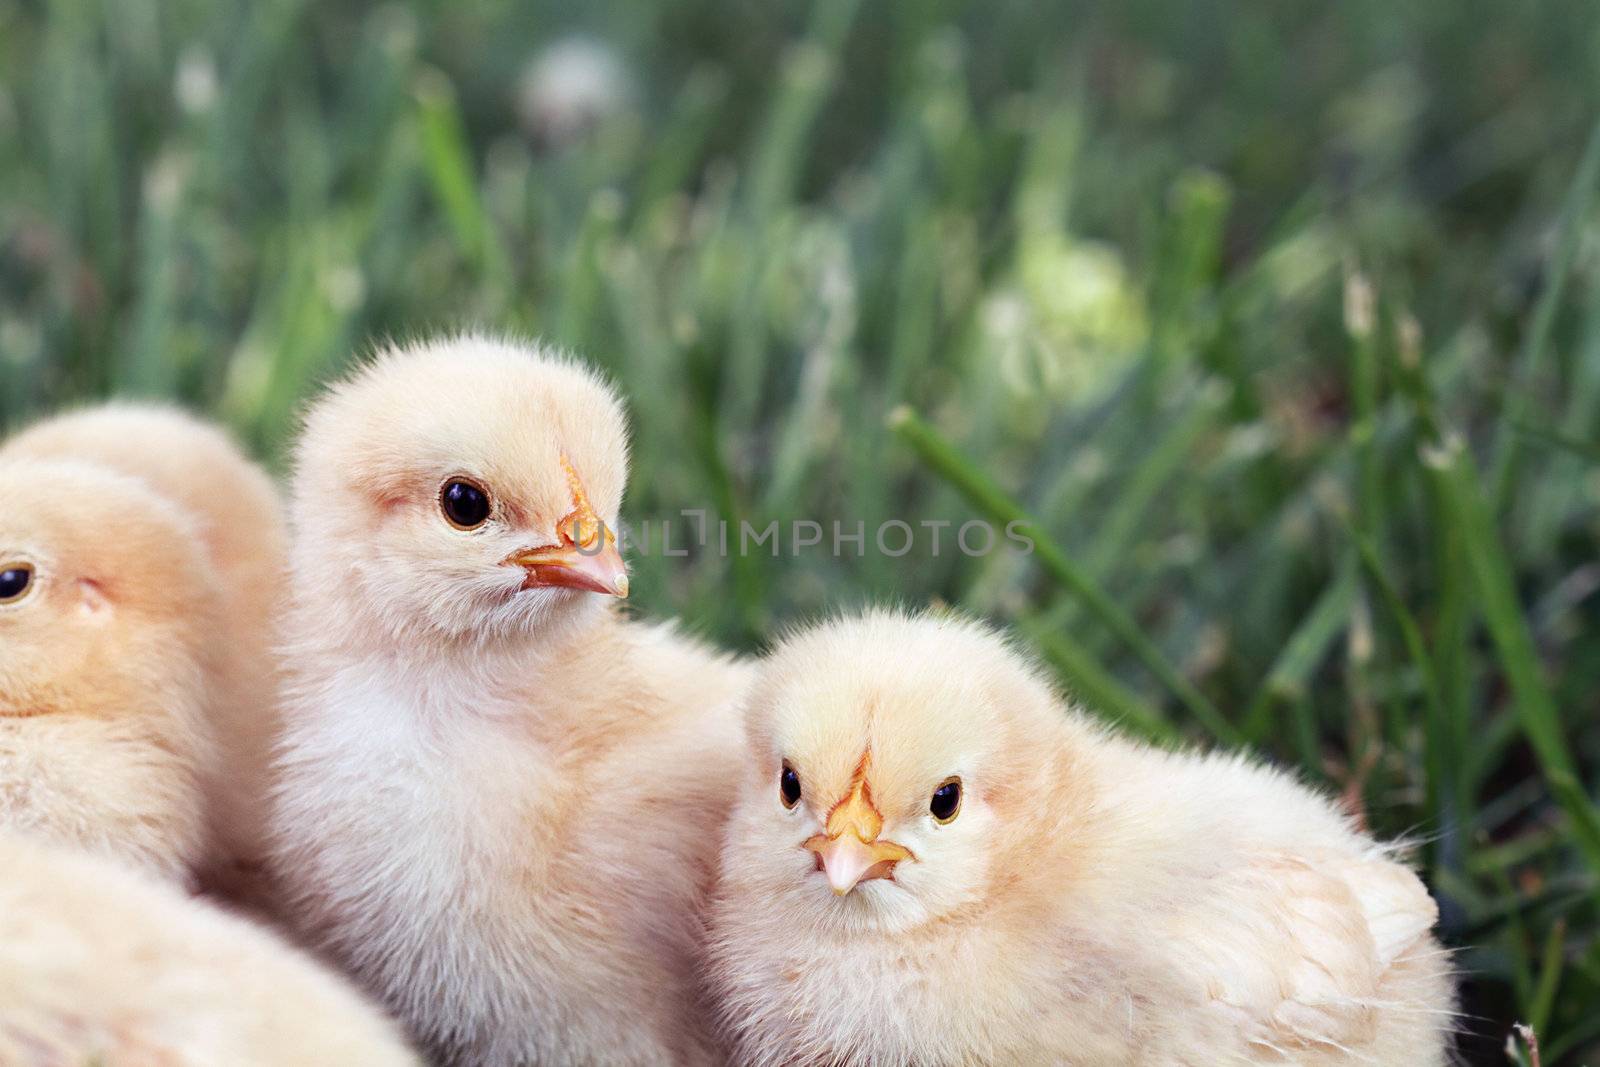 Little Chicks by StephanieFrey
###
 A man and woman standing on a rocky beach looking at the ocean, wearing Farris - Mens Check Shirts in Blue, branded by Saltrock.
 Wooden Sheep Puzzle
###
#### Your instructions
Repeat, character for character, the lines of the material above from the line with "A man and woman" through the line with "Wooden Sheep Puzzle".

#### Solution for this task
 A man and woman standing on a rocky beach looking at the ocean, wearing Farris - Mens Check Shirts in Blue, branded by Saltrock.
 Wooden Sheep Puzzle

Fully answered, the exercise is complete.